The annual planning cycle resets many things, including your performance targets. If your company is like most, your targets are either too aggressive to be believable or too conservative.
For instance, you might look at your gross revenues for last year and decide you’ll do 10% or 15% more this year, but how do you know it shouldn’t be 20% or even 100%? If you’re not sure, you might ask your data scientists for help.
Year after year strategists leave large amounts of potential revenue, costs, and operational efficiencies unexplored because they don’t have good methods for establishing better targets; however, given the right direction, your data scientists do. If you have data scientists currently working on solutions involving big data analytics, you might task them with figuring out your theoretical best performance targets.
SEE: Job description: Data scientist (Tech Pro Research)
Understanding your theoretical best
Once you’ve decided the metrics that will gauge your success–your key performance indicators (KPIs)–it’s best to establish targets based on the concept of a theoretical best. As its name implies, a theoretical best performance target is not anchored to past performances, industry benchmarks, or unsubstantiated aspirations; a theoretical best performance target is a carefully calculated target based on what should be possible.
There have always been good techniques for calculating a theoretical best target, but the age of big data analytics brings with it the opportunity for a lot more accuracy.
Calculating theoretical best targets for your KPIs and other measures should be one of your top priorities. Without the rigor of data science, you run the great risk of getting them wrong. For instance, if you set your sales goals too low, you’ll limit your revenue potential; but if you set sales goals too high, you’ll frustrate and demotivate your sales team. This situation can apply to any measure that’s important to your business: cost, safety, quality, reliability, etc. Getting your targets right involves data science with both big data and analytics.
Using big data to calculate your theoretical best
The fact your data is big plays a significant role in calculating theoretical best. Big data implies some combination of high volume, high throughput, and a variety of data forms. All three aspects contribute to the accuracy of your theoretical best calculation.
When siloed data is consolidated and aggregated, it becomes a valuable resource in understanding what’s possible. Operational Intelligence is a good example of this. When you combine operational data from a single processing facility with data from similar process facilities around the world, it broadens your perspective. A plant manager in Argentina might feel like her plant performance is good, but a quick review of how Germany is doing might change her mind.

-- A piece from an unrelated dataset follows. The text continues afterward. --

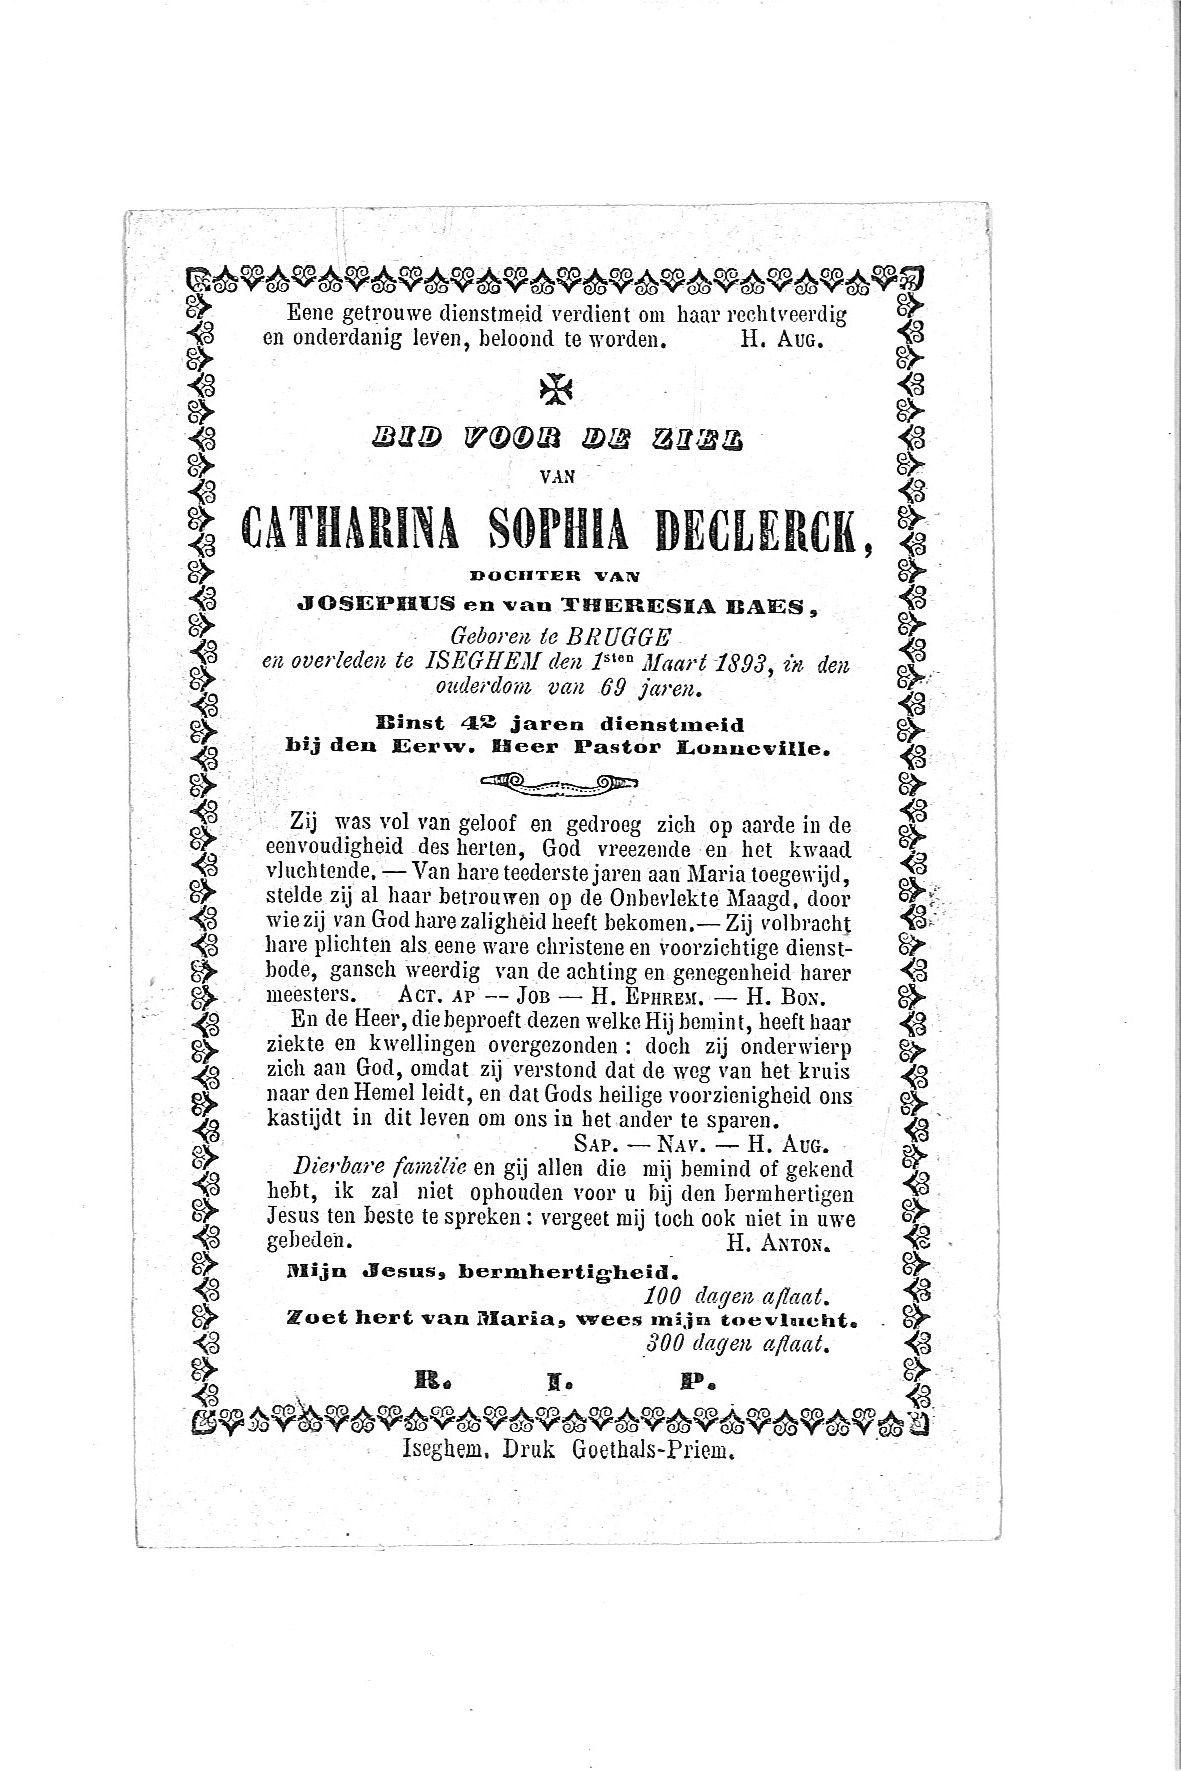 Catharina-Sophia(1893)20090903142539_00005.jpg

High throughput adds value as well. Before big data, we were sampling data that was moving too fast to process. This is better than nothing, but sampling comes with error and confidence issues. Big data techniques for processing fast-moving data allow us to include all the data in our analysis. It’s common to uncover gems in the data that demonstrate possibilities that you never imagined, when every data point is at your disposal.
Finally, big data provides the opportunity to process data in unconventional forms. Unstructured data that lies in documents, videos, audio, and social media streams contain a wealth of information that was never available before. Like high volumes and high throughput, the opportunity to process unstructured data in non-traditional formats can provide valuable insights about what your theoretical best looks like.
SEE: Free ebook–Executive’s guide to IoT and big data (TechRepublic)
Using analytics to calculate your theoretical best
Sophisticated analytic techniques must be used to calculate your theoretical best once this wealth of data has been made available. There are a variety of algorithms at your data scientists’ disposal, both traditional and non-traditional. Large populations of past data provide statistical methods with a very high degree of confidence. And neural networks, genetic algorithms, and all sorts of novel analytic techniques can be applied to the data as well. Once you provide a little guidance, your data scientists won’t have any problem with how to analyze and calculate theoretical best performance targets.
The most important piece of direction is to forego the notion of using past performance to predict future performance–this is exactly what you’re trying to avoid by pursuing a theoretical best target. Instead, it’s best to focus on leading indicators. KPIs are typically lagging indicators. Revenue, for instance, is an effect of other causes like good sales practices and customer service. If, instead of focusing on revenue, your data scientists focus on the metrics that cause revenue, then a more accurate projection of your theoretical best revenue can be calculated.
Smart companies don’t rely on the past to set future targets–they calculate theoretical best performance targets. And the technology and disciplines surrounding big data analytics bring possibilities with this calculation that never existed before. Big data greatly increases the availability of relevant data and advanced analytics provide higher accuracy.
Even if you’ve already established performance targets for the year, it’s not too late to make adjustments–talk to your data scientists today to see if they can help. Until then, you won’t know what’s possible.